French Film Company Wild Bunch Launches TV Division

Paris-based pan-European producer-distributor-sales agent Wild Bunch, which won its fifth Palme d’Or this year with Jacques Audiard’s “Dheepan,” is heeding the siren song of television.

Wild Bunch is the latest French studio to step into TV, following Gaumont, EuropaCorp and Studiocanal.

The shingle — best-known for its relationships with top European auteurs — kicks off its TV adventure with two high-profile international projects: “Medici: Masters of Florence” with Dustin Hoffman and Richard Madden, and “Four Seasons in Havana,” co-written by Leonardo Padura.

Unlike Gaumont and EuropaCorp, however, Wild Bunch will not handle production, focusing instead on financing and international distribution, adapting its film division business model — which consists of partnering with ambitious producers worldwide and keeping its overhead to the minimum.

Although the European TV drama landscape seems crowded, Vincent Grimond, co-founder of Wild Bunch, emphasizes the growing demand for high-quality premium drama and the increased diversity of outlets, from cable channels to digital networks, multi-territory streaming services and OTT platforms.

“A few years ago there were just about six buyers for TV drama in the U.S., today there are about 50, and meanwhile, in France, series have become a key component of (pay TV giant) Canal Plus’ programming,” says Grimond. He notes that the boundaries between film and TV have never been more porous, while financing avenues are increasingly opening up to television drama.

He says Wild Bunch TV is aiming to sell four or five shows per year with an estimated €50 million ($56 million) of investment per year. It expects to generate, in the long run, about $111 million in annual revenue from the new division. Eventually, Grimond projects, the television sector will rep about one-fourth of all of Wild Bunch’s business.

Wild Bunch TV will be spearheaded by Carole Baraton, who has been with the company since its 2002 launch and heads up international sales. Wild Bunch has a solid track record in bringing in significant financing to projects via international sales. The TV team is completed by Diana Bartha, head of development and international sales; Thomas Triboit, who will handle acquisitions; and Aurelia Porret, who will oversee marketing.

TV producer Georges Campana (Erick Zonca’s “Soldat Blanc,” Giacomo Battiato’s “L’Infiltre”) helped set up Wild Bunch TV and will be adviser to the board for content selection and executive production.

Wild Bunch’s biggest asset remains its powerful brand, which for talent, buyers and festival programmers is synonymous with bold films and high quality. As Grimond points out, Wild Bunch’s advantage is that it’s tightly connected to some of the world’s most critically acclaimed auteurs — Audiard, Ken Loach, Gaspard Noe, Arnaud Desplechin and Nicolas Winding Refn, to name a few — via its core movie business, and it’s connected to broadcasters through its direct distribution operations in key European markets: France, Germany, Spain, Austria and Italy; Grimond also confirmed Wild Bunch is looking at ventures in the U.K., Italy and Australia.
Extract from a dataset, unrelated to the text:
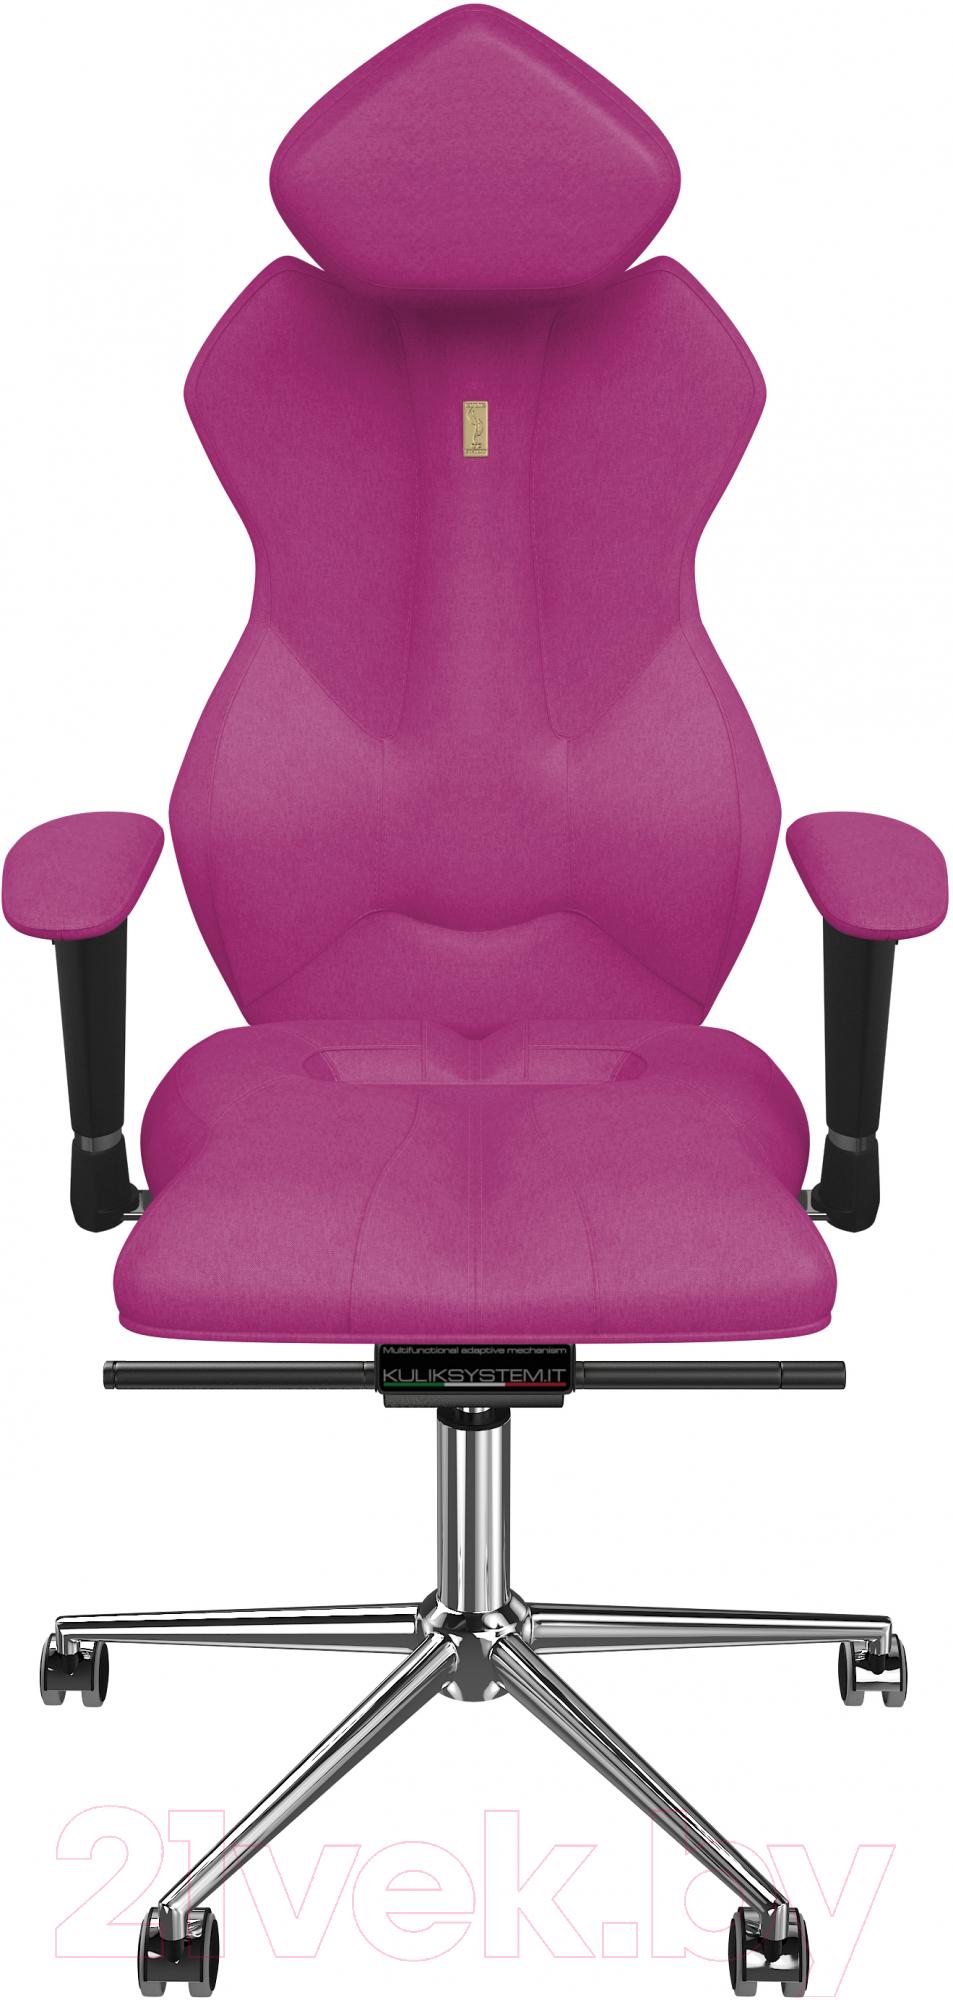 Купить Кресло офисное Kulik System, Royal азур (розовый с подголовником), Украина, Royal (Kulik System)

As underscored by “Medici: Masters of Florence” and “Four Seasons,” “Wild Bunch TV will go after original stories whatever their language,” says Baraton.

“We’re already seeing with movies that local is the new global — there is tremendous appetite for content that has a strong local flavor and is culturally-specific,” Baraton says. “In today’s TV world, there are absolutely no reasons for shying away from foreign languages and talent as long as we remain budget-conscious.”

Grimond concurs. “We’re not going to try to replicate what American producers are doing and pull our inspiration from blockbusters.”

Indeed, “Four Seasons” is a Spanish-language thriller based on writer Padura’s anthology, which follows detective Mario Conde in Havana against the backdrop of the downfall of communism in the 1990s.

“Medici: Masters of Florence,” an English-language series created by Frank Spotnitz and Nicholas Meyer will bend the period genre, mixing political thriller and murder mystery.

Broadcasters around the world are likely to give Wild Bunch TV a warm welcome: Baraton says “Medici: Masters of Florence,” which WME reps in the U.S., is already set as one of the rare international co-productions from Italy’s RaiFiction targeting global audiences.